PPO

class PPO(model, act_dim=None, policy_lr=None, value_lr=None, epsilon=0.2)[源代码]

基类:parl.core.fluid.algorithm.Algorithm

__init__(model, act_dim=None, policy_lr=None, value_lr=None, epsilon=0.2)[源代码]

PPO algorithm

参数
  • model (parl.Model) – model defining forward network of policy and value.

  • act_dim (float) – dimension of the action space.

  • policy_lr (float) – learning rate of the policy model.

  • value_lr (float) – learning rate of the value model.

  • epsilon (float) – epsilon used in the CLIP loss (default 0.2).

policy_learn(obs, actions, advantages, beta=None)[源代码]
Learn policy model with:
  1. CLIP loss: Clipped Surrogate Objective

  2. KLPEN loss: Adaptive KL Penalty Objective

See: https://arxiv.org/pdf/1707.02286.pdf

参数
  • obs – Tensor, (batch_size, obs_dim)

  • actions – Tensor, (batch_size, act_dim)

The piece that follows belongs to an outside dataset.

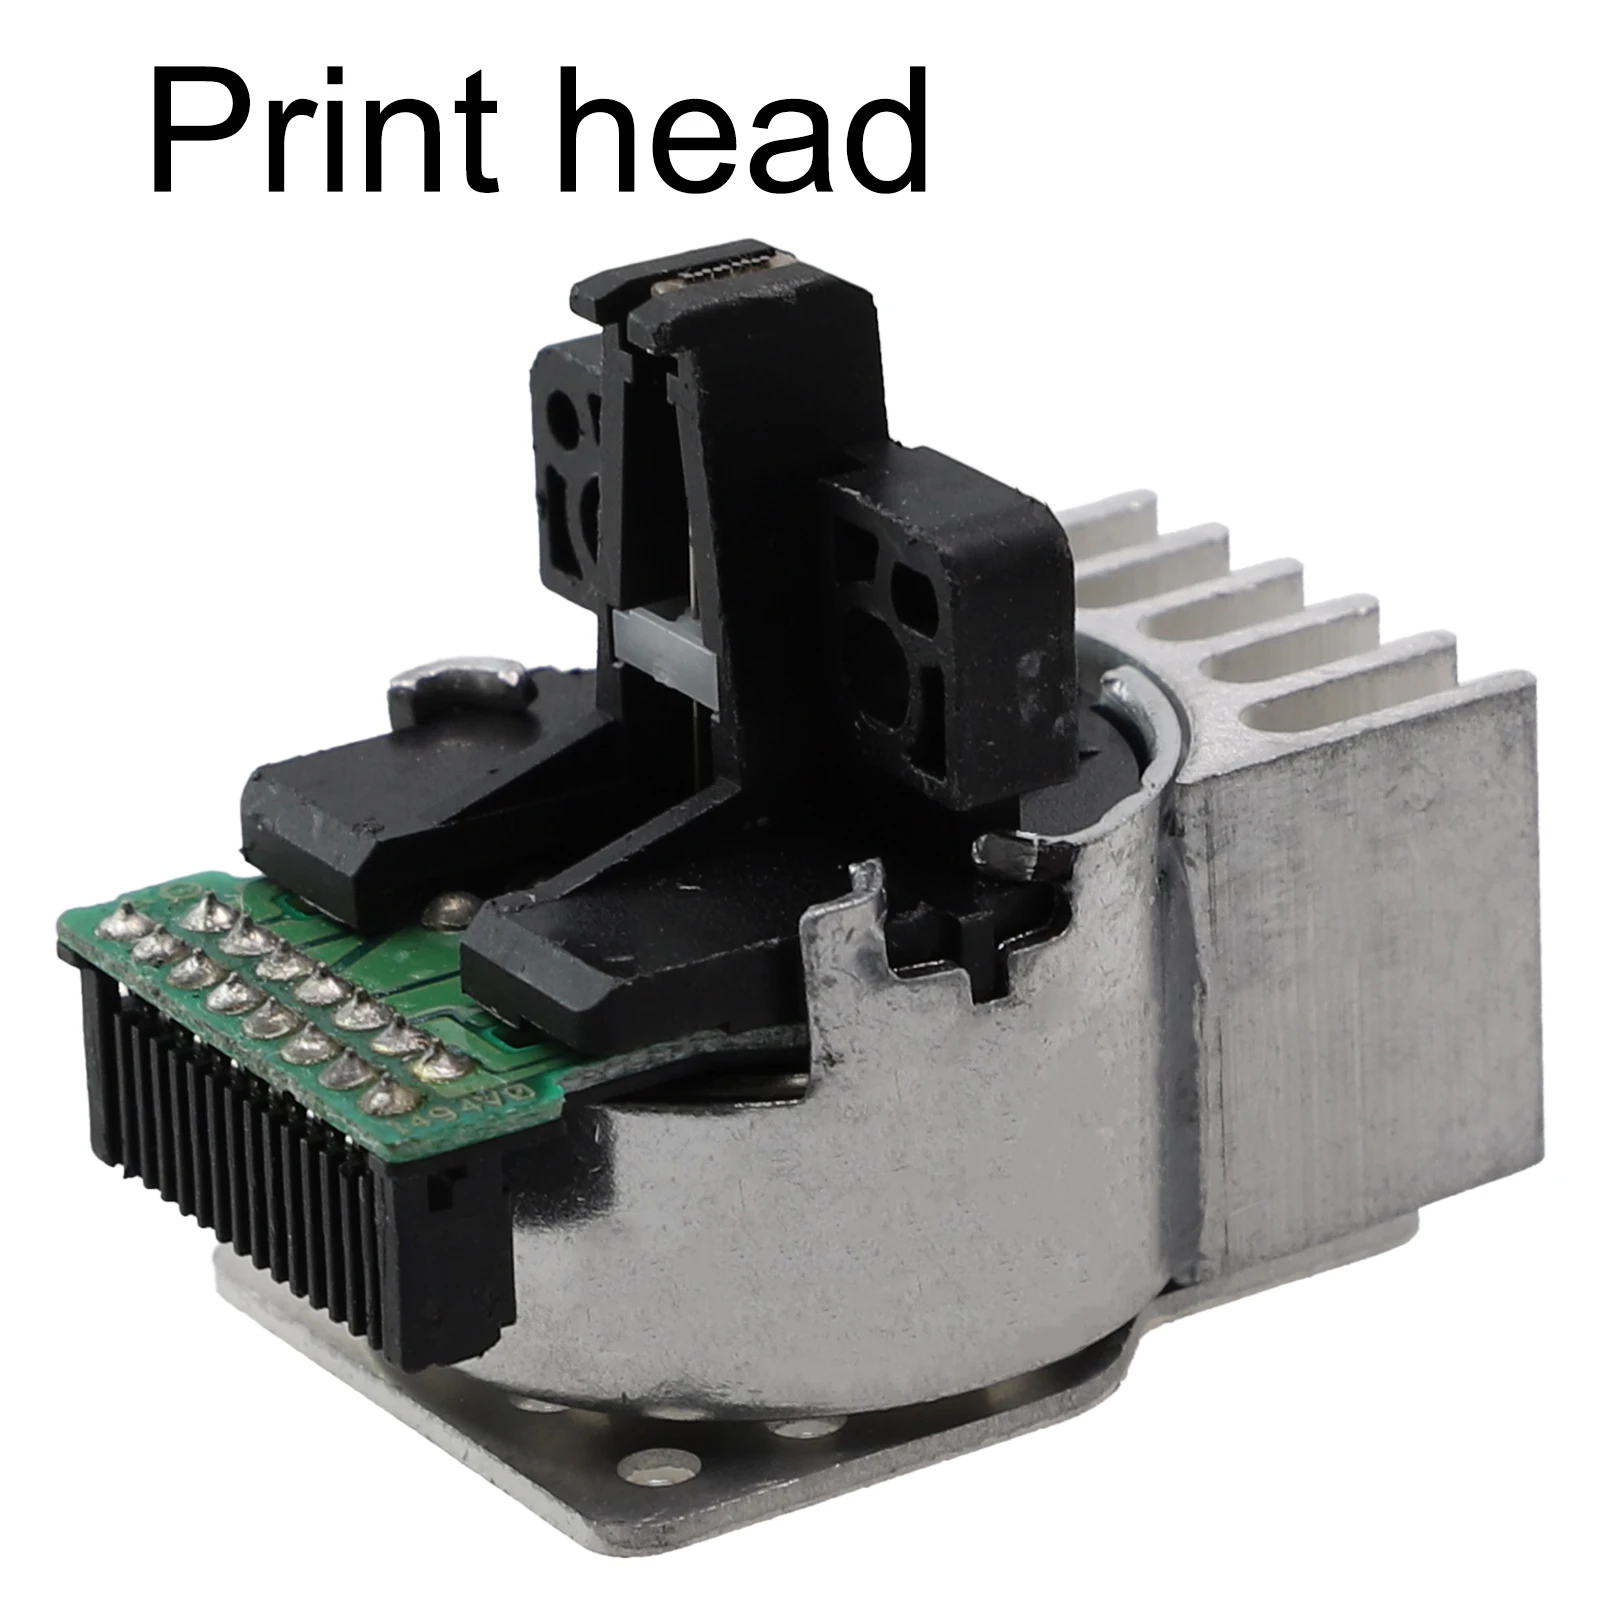 

Печатающая головка для принтера, 1235228 пикселей для Epson, Epson TMU220, быстрая печать, чековый принтер для офисных принадлежностей

  • advantages – Tensor (batch_size, )

  • beta – Tensor (1) or None if None, use CLIP Loss; else, use KLPEN loss.

predict(obs)[源代码]

Use the policy model of self.model to predict means and logvars of actions

sample(obs)[源代码]

Use the policy model of self.model to sample actions

sync_old_policy()[源代码]

Synchronize weights of self.model.policy_model to self.old_policy_model

value_learn(obs, val)[源代码]

Learn the value model with square error cost

value_predict(obs)[源代码]

Use value model of self.model to predict value of obs